Place butter in a pan on the stove over medium-low heat. Don't let the butter brown, but liquefy.
Add tea leaves and let steep for 5 minutes on low heat.
Remove from heat and let sit for another 5 minutes.
Using a fine strainer/ sieve push the butter through into a bowl. Push hard on the tea leaves to get as much butter as possible. You want 1 cup in the end.
Let butter solidify and get cold again. Place in the refrigerator until hardened again. About 1 hour.
Cookies
In a mixer add butter and cream with sugar until smooth.
In a separate bowl mix flour, tea leaves and salt. Slowly add dry ingredients into butter and sugar mixture.
Once added completely, let the dough become one full dough ball. Wrap in plastic wrap and allow to cool for 1 hr.

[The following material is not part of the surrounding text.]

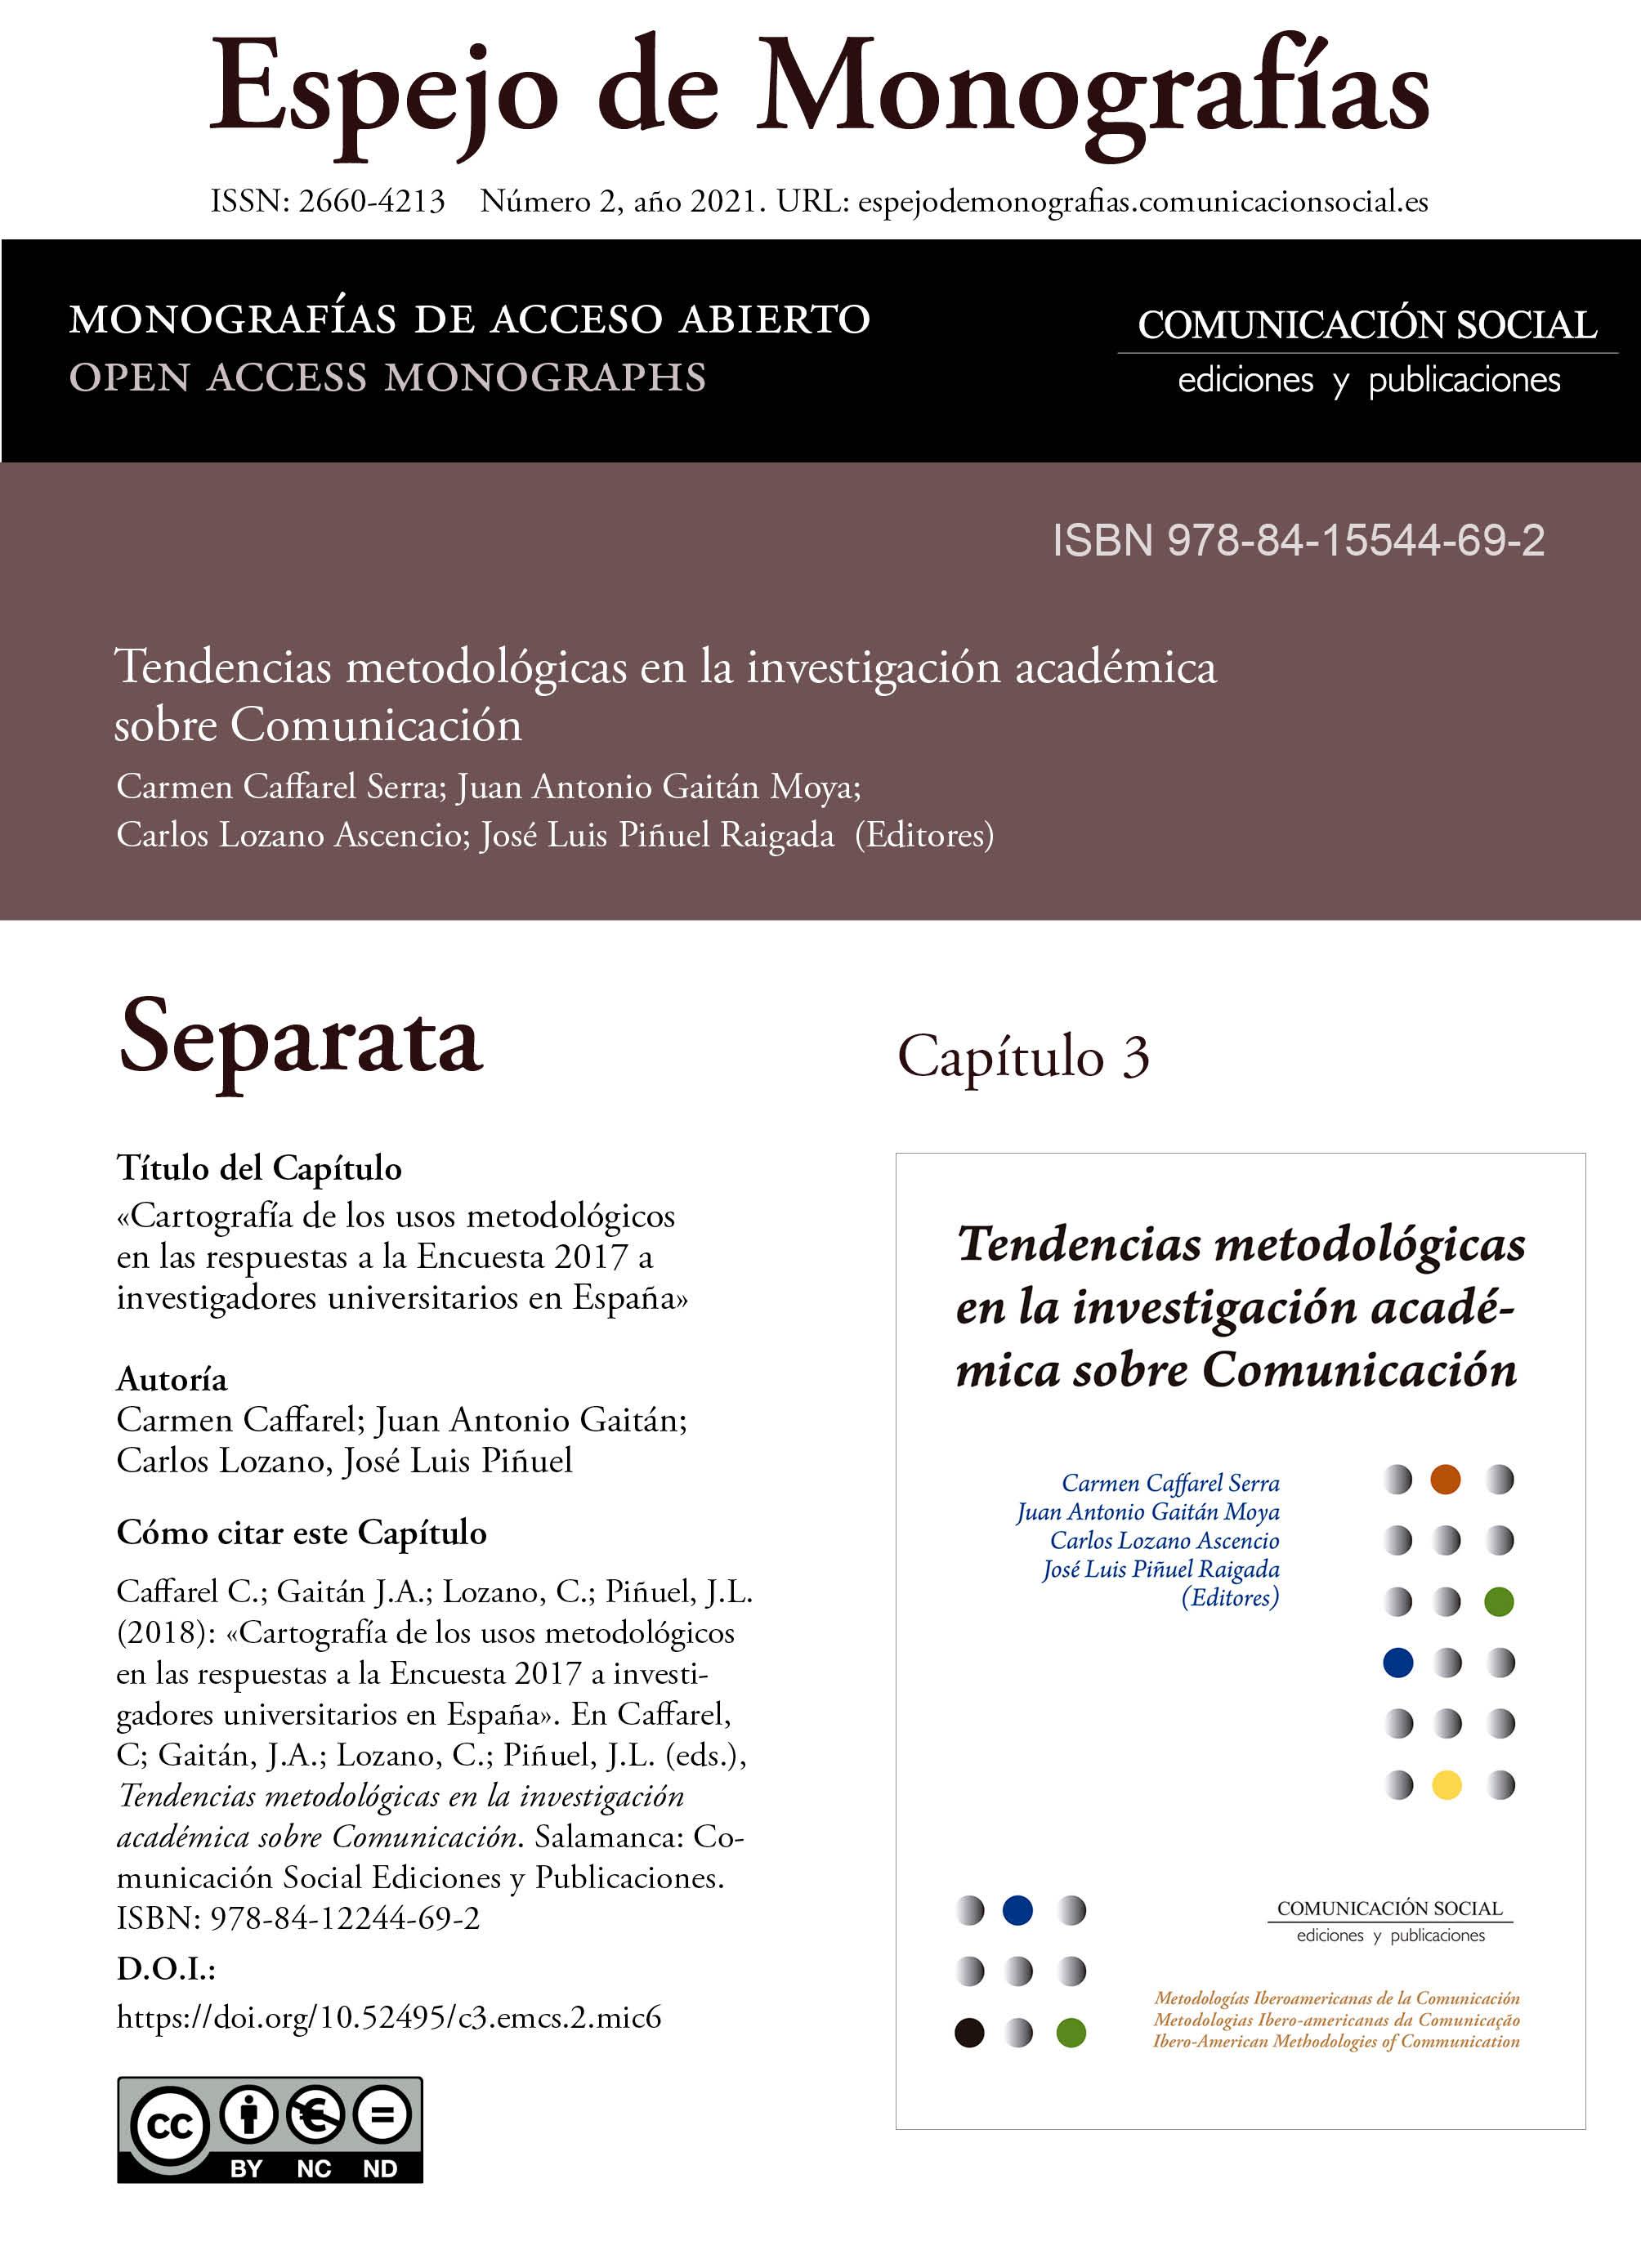 Separata del Capítulo 3 correspondiente a la monografía Tendencias metodológicas en la investigación académica en Comunicación

Preheat oven to 325 F and use parchment paper to line 2 baking sheets.
Roll out dough onto a floured surface about ¼ inch thick. Use a cookie cutter to cut shapes out. Place on pan. Dust with a bit of sugar and salt.
Bake for 22-25 minutes, until golden brown. Allow to cool and enjoy
Notes
- Tea: You can use your favorite tea leaves. I prefer something floral or earl grey.- Infusing butter: this way you'll get the best flavor, but you do need to re-cool butter, which might be best to do the night before.